The compensation committee may decide, as appropriate, to modify the mix of base salary, annual cash incentives, long-term equity incentives and retirement/perquisites to best fit a Named Executive Officer’s specific circumstances. For example, the compensation committee may make the decision to award more cash and not award an equity grant. This provides more flexibility to the compensation committee to reward executive officers appropriately as they near retirement, when they may only be able to partially fulfill the vesting required for equity options. The compensation committee may also increase the amount of equity option grants to an executive officer if the total number of career equity option grants does not adequately reflect the executive’s current position with us or if an above-market compensation package is necessary to attract and retain critical talent. The compensation committee will generally determine to set or adjust the types of compensatory incentive either upon hire of a Named Executive Officer or prior to the commencement of a fiscal year, as appropriate. However, the compensation committee reserves the right to adjust compensatory items during the course of a fiscal year to respond to changes in our performance or as may be needed to retain key personnel. Additionally, the compensation committee may decide to make equity grants, as appropriate, throughout the fiscal year, which may increase the executive’s allocation of compensation toward long-term equity incentives in any given fiscal year.

Base Salary

We provide Named Executive Officers with base salaries to compensate them for services rendered during the year. The compensation committee believes that competitive salaries must be paid in order to attract and retain high-quality executives. The compensation committee annually reviews base salary for executive officers and makes adjustments only when necessary based on the executive’s and our performance.
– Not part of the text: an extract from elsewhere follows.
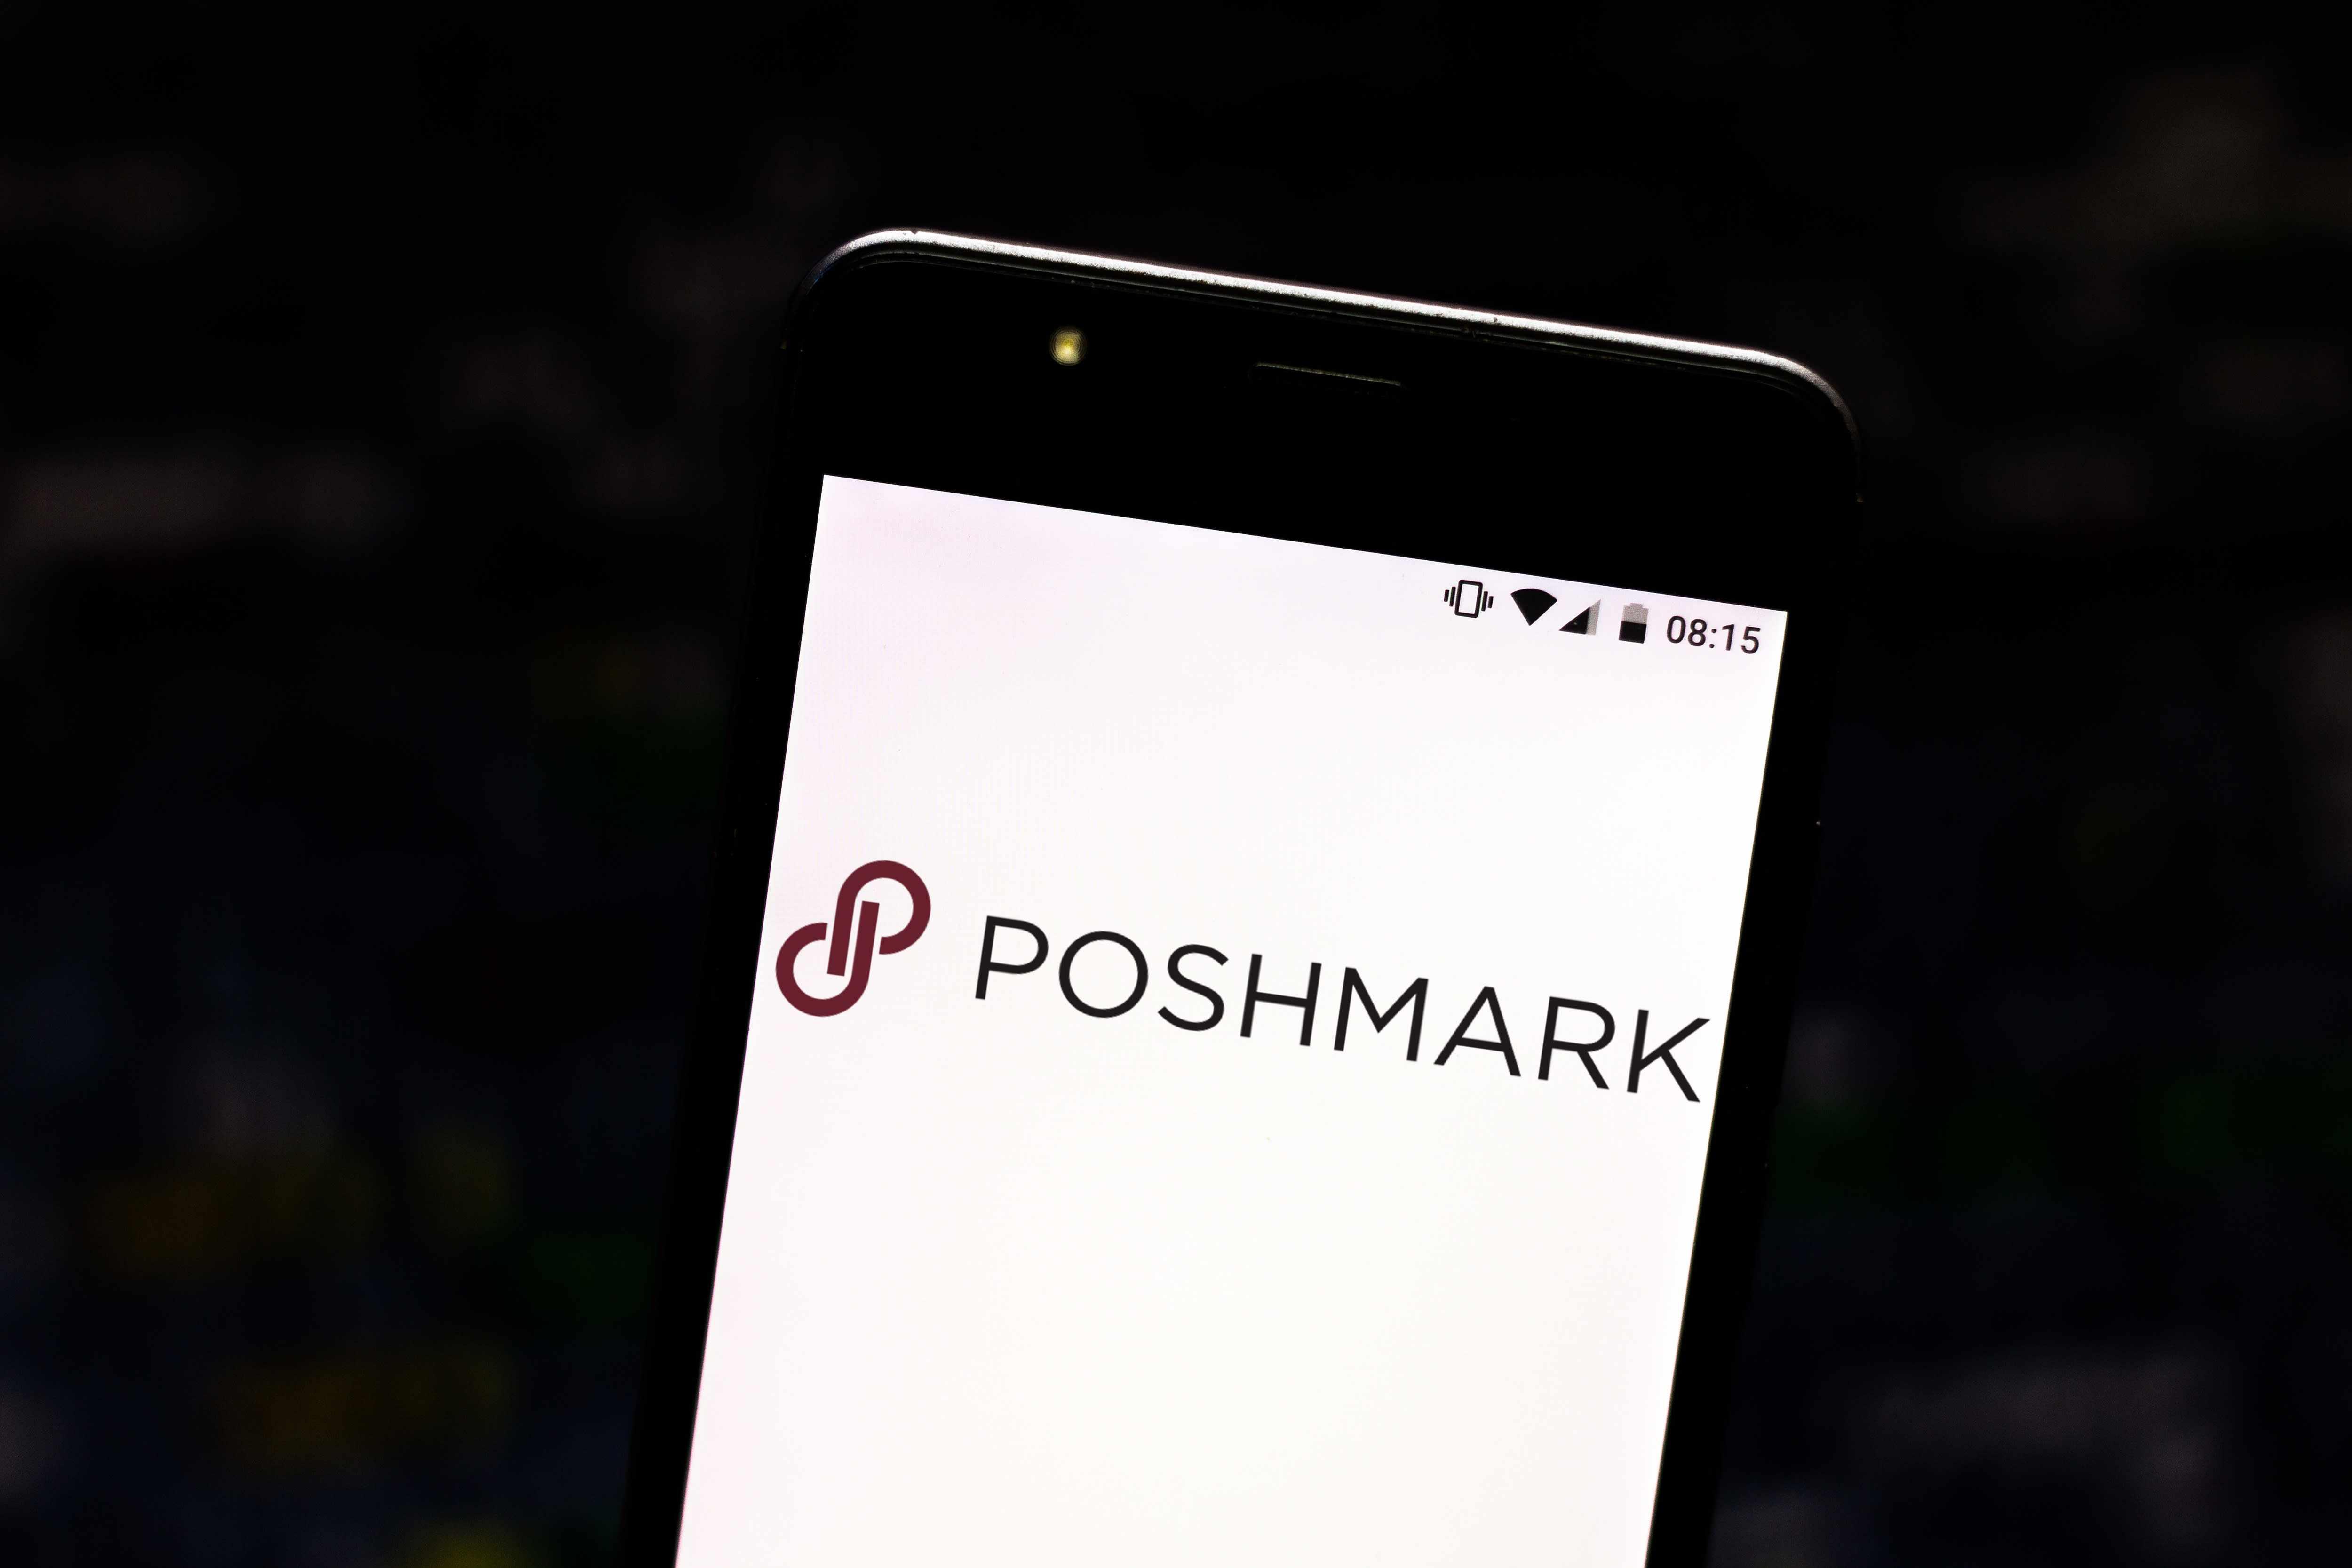 poshmark online clothing reseller company

In reviewing the performance of Messrs. Schlessinger and Vellios in fiscal year 2011, the compensation committee determined that the performance of these executives exceeded their respective base salaries. Accordingly, the compensation committee decided to (a) increase Mr. Schlessinger’s annual base salary from $400,000 to $600,000 and (b) increase Mr. Vellios’ annual base salary from $600,000 to $700,000, in each case, effective retroactively as of January 30, 2011. These base salary increases were given retroactive effect because the compensation committee determined that these executives had undertaken extraordinary efforts to support our substantial growth both in size and in sales. Accordingly, the compensation committee believed that such increases and the retroactive effectiveness of such increases were both appropriate and earned. Based on these increases, it is the current intention of the compensation committee that the base salaries of each of Messrs. Schlessinger and Vellios would remain at such levels until at least 2014 (although the compensation committee reserves the right to modify such salaries if the performance of either executive so warrants). Accordingly, each executive’s employment letter agreement was amended as of September 28, 2011 to reflect these base salary increases and to provide that annual review of the base salary of Messrs. Schlessinger and Vellios would not be required to occur again until fiscal year 2014. We refer to these amendments as the Employment Letter Amendments.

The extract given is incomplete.